Johnston County paid tribute to an outstanding group of young citizens Monday.
The JoCo Teen Drivers held their 2017 Kickoff Luncheon at the Johnston County Ag Center near Smithfield.
The focus of the luncheon was to honor and congratulate teens in the program for their efforts throughout the year to raise awareness and garner support for the group’s message — Drive To Stay Alive.
“We meet twice a month and we come up with ideas to promote safe driving in our school and our community,” said South Johnston High School teacher and faculty sponsor for the program, Derek Micke. “We try to have lasting messages that deal with driving.”
Projects the group have taken on include joining with area fire departments to stage an accident scene and urging teens to make prom night safe by using good driving practices.
Mr. Micke, who teaches math and driver’s education, says the peer-led program has seen positive results.
“We continue to promote it and I’m hearing more and more about students talking about and knowing how to handle peer situations and technology in the car and what to do if they are at a party if drugs and alcohol happen to show up,” he said. “The awareness and the decision making is definitely increasing among the student population.”
Four Oaks student Alexis Parks is a member of the South Johnston leadership team that took part in Monday’s luncheon. She says students in the program take part in a variety of activities to get their message out.
“We do multiple activities during school,” she said. “For Valentine’s Day, we made a banner and had people sign it. For March, we’re doing flowers on cars for safe driving.”
Along with enjoying lunch, the students were also offered advice on everything from what to carry in their cars for roadside assistance, to listening to the story of a Charlotte teen who was severely injured in an automobile crash.
Peggy Bennett from Talk It Out NC used her son, Josh’s, drunk driving accident to make a point — nothing good can come from someone driving after being so intoxicated they were nearly three times the legal limit.
“Don’t drink and drive, don’t ever do it,” Josh told the audience. “I don’t want to see one life saved, I want to see all lives saved.”
It was a message not wasted on Alexis.
She has firsthand knowledge about the dangers of distracted driving. She was involved in an accident and now she spreads the message.
“I was going around a sharp curve,” she said. “I was only going 27, but I blacked out. So, I learned the hard way.”
She uses her own example to express the message to other students.
“It’s kind of touched them in a way,” she said. “And it taught me to always be safe, wear your seat belt, don’t touch your cell phone, don’t drink and drive and go the speed limit.”
Alexis, who won a drawing for one of four $100 college scholarships during the luncheon, says there’s still work to be done and tries to get the message out. She says others she’s met haven’t accepted the facts, so she continues to emphasize the severity of the situation.
Think Texting Is Cool
“They think texting and driving’s cool,” she said. “I go up to some of them and tell them that text can wait. I think your life is more important than text messages.”

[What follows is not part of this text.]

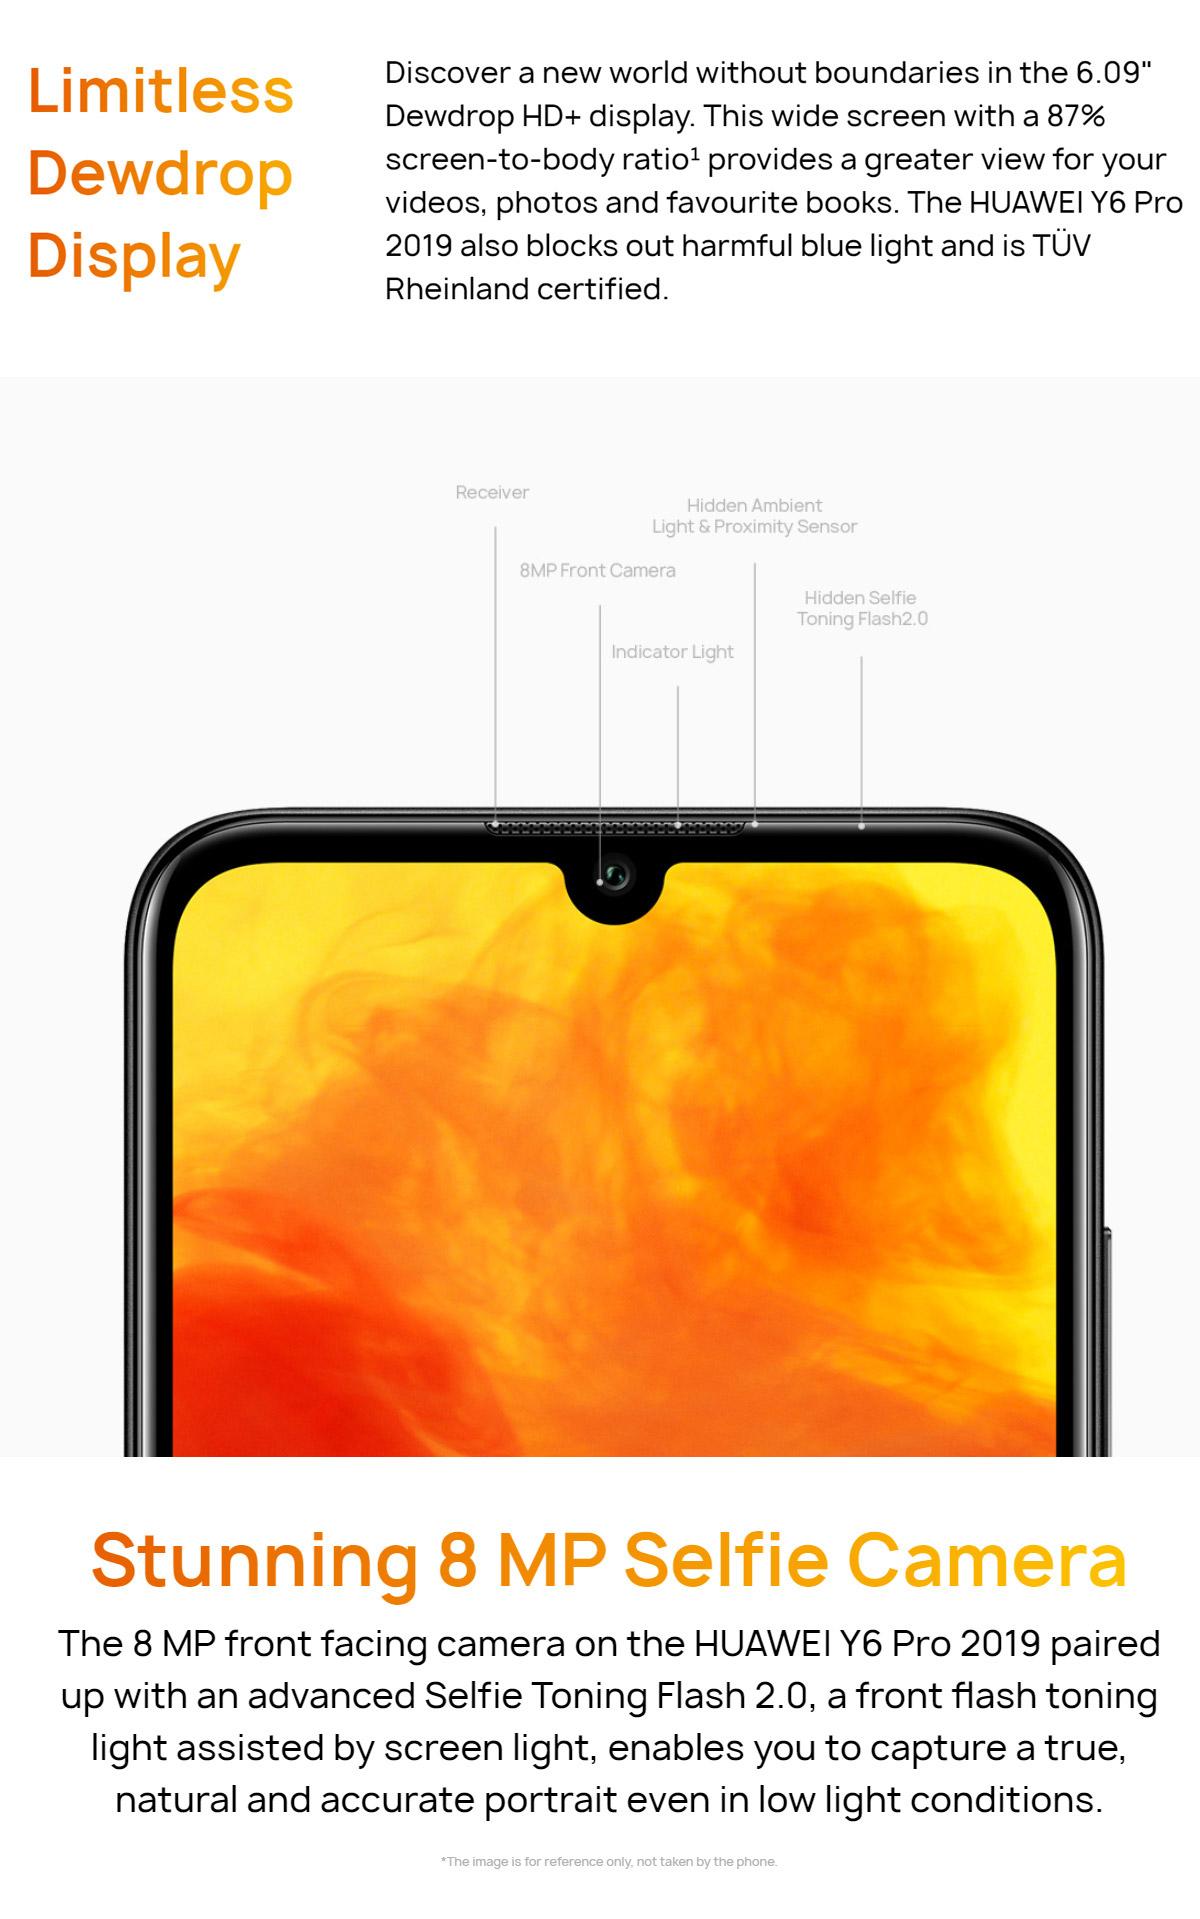 Buy Huawei Y6 Pro (2019) (3GB+32GB) (Brown) | Model HU-Y6-2019-BRW

Mr. Micke said he’s seen first- hand how the program has impacted local teens. He says when he’s out on the road the results are showing.
“Honestly, when I’m out on the road and I see them in the community and see them making better decisions, wearing their seatbelt and slowing down before curves,” he said about what he’s noticed. “Just talking to them in the high school their message is real clear, they’re not drinking and driving, they’re putting their phones down, they’re showing it physically and through their words.”
The number of students involved in the program at South Johnston High School so far has reached 15 to 20, with a core leadership group that gets the message started.
“We’re working on expanding and growing that number,” Mr. Micke said. “Anyone’s welcome to join the club. We definitely are open to anyone coming in and getting involved, so it’s an open door.”
The program began in response to a spike in traffic accidents and fatalities among Johnston County teens by the county board of commissioners.
After a two-year effort to establish an effective approach and with the help of a statewide steering committee to secure additional resources, commissioners were presented with six recommendations — among them to establish a peer-led program in each high school in the county.
Using a model from a similar program in Texas, a grant from the Governor’s Highway Safety Program in 2010 the Teens in the Driver’s Seat Program was born.
Later, the group was renamed the JoCo Teen Drivers and was given funding from Johnston County.